The results from those tests were thankfully benign. But my doctor and I had a very long discussion about removing the source of the problem. A ‘radical hysterectomy’. Which means they take everything except my ovaries. Not to be confused with a total hysterectomy, where they take the uterus but leave the ovaries, fallopian tubes, and cervix. Dr. O is cleaning house!!

He and I mutually decided that I deserve a better quality of life. One that isn’t filled with pain, and blood, and fatigue, and swelling, and emotions. My uterus has 2 sides and they have slowly since puberty started to function independently from each other. That means; it’s like I have TWO cycles. TWO hormone fluctuations. TWO sets of everything but not in correlation with each other. It’s complicated to explain, and I’m sure BORING to listen to!! The final straw was the massive buildup of tissue inside me. The septum that divides my heart shaped uterus doesn’t have a proper blood supply. Just enough to build tissue but not enough to support a placenta or have the strength the shed at the end of a cycle. So it builds, and builds, and builds. Until my entire insides consist of dead, unused, unwanted tissue.

Wednesday, I will be going to have the whole mess removed. Hopefully, after the dust settles, I have relief from the moody organ’s drama, and can have a better quality of life.

If you ask I how am feeling, I will tell you, fine.

But I’m not fine. I’m sad. And scared. And nervous. And disappointed.

I’m scared my body will never be the same. And no not my hard-earned physique. Although, that is scary too. My hormones, my skin, my hair. My guts. My sleep.

I’m nervous that instead of helping, it will only anger the beast.

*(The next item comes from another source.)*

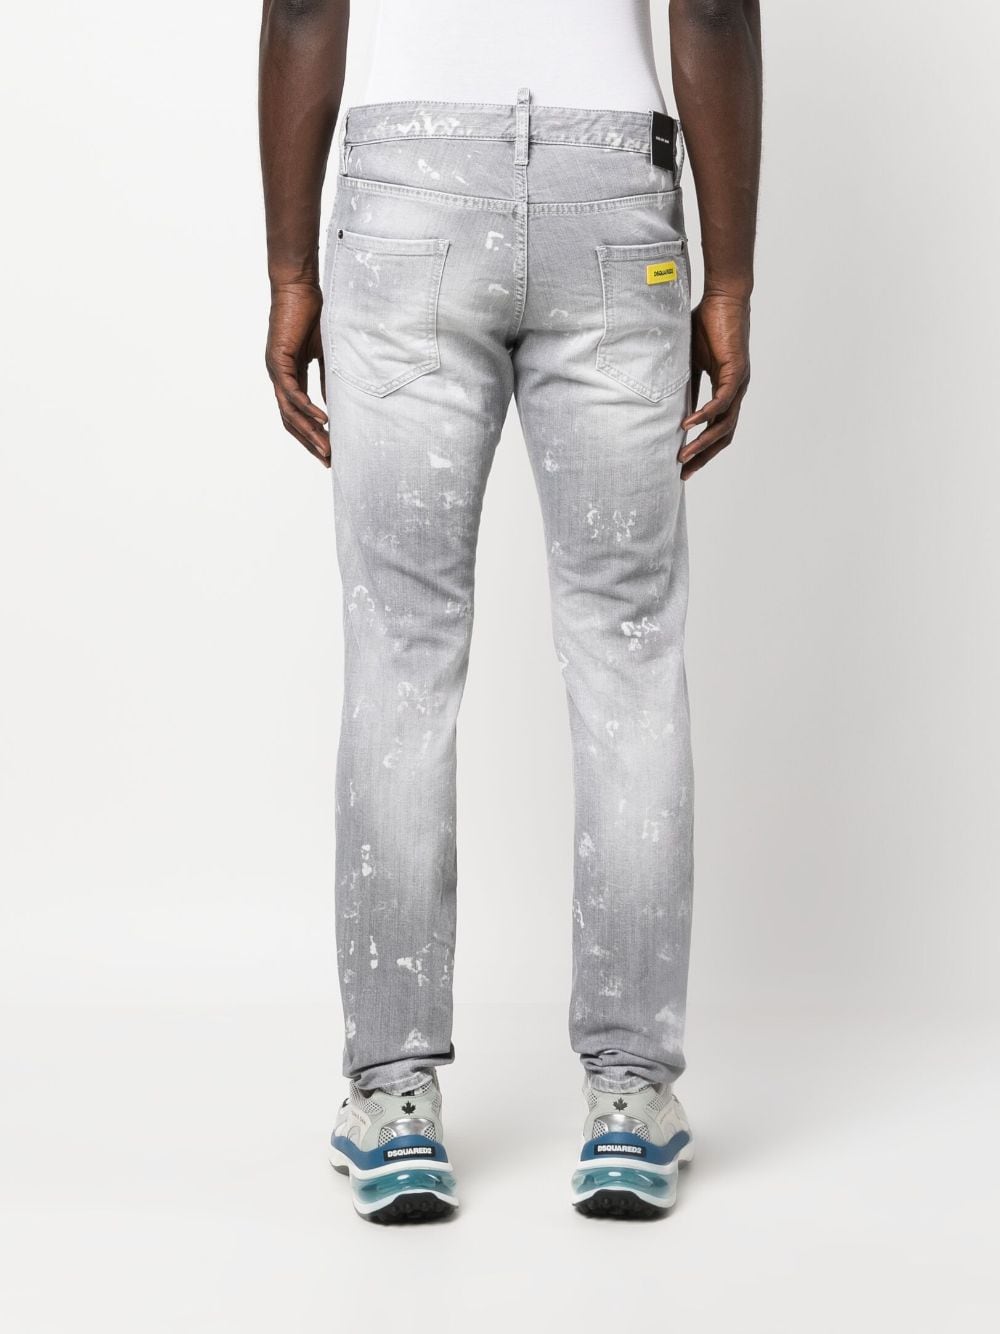 DSQUARED2 - Jean cool guy gris

I’m sad I have fear. I’m sad it will interrupt my life. I am a creature of habit. I like routine. Lying in bed for a week or more. And all the RESTING I’m being asked to do sounds daunting and awful. Yes, let’s leave Ashley to her thoughts for hours on end. Great.

I do NOT like being put under anesthesia. Yes, it’s a control thing. Knowing that doesn’t make me feel better. I do NOT want to be spayed like some nasty old alley cat that’s produced 100 kittens in her life time. I do NOT feel lucky. NOT. AT. ALL.

I do NOT feel like I’m beating nature and now don’t have to worry about “THAT” isle ever again. All I have ever wanted was to just be NORMAL. Complain about the whole process every month until I each my 50s and then go briefly insane like all those who have gone before me.

I’m disappointed, and sad I didn’t get to have more children. I was never brave enough to try. I was warned not to, and never had the courage to trust God would get me threw it. I’m sad I don’t get to use all my cute names I have written down. Or that my husband didn’t have a little boy. I’m sad I didn’t get to name my son after my father. And maybe I never would have!! But this is final. Finite. And it makes me sad.

Now, it does not define me. And I will not spend a life time morning what might have been. But for this moment, I am going to take the time to ponder these things in my heart.

There it is!! I will not be out and about for a while. I may gain weight or lose muscle. I might (ha! definitely) be in yoga pants every time I leave the house. Hell!! I’m in yoga pants now. Yes, I will have a surgical band around my waist to compress and help support everything. I will CHOOSE to wear it. No, it is not a waist trainer. And if it was, why do you care?!

I apologize for the moderately snarky attitude of this post. Like I said, I’m sad. I’m scared.

I have faith that it will all be ok. I just need to get on the other side of the operating table, and then I will have more confidence.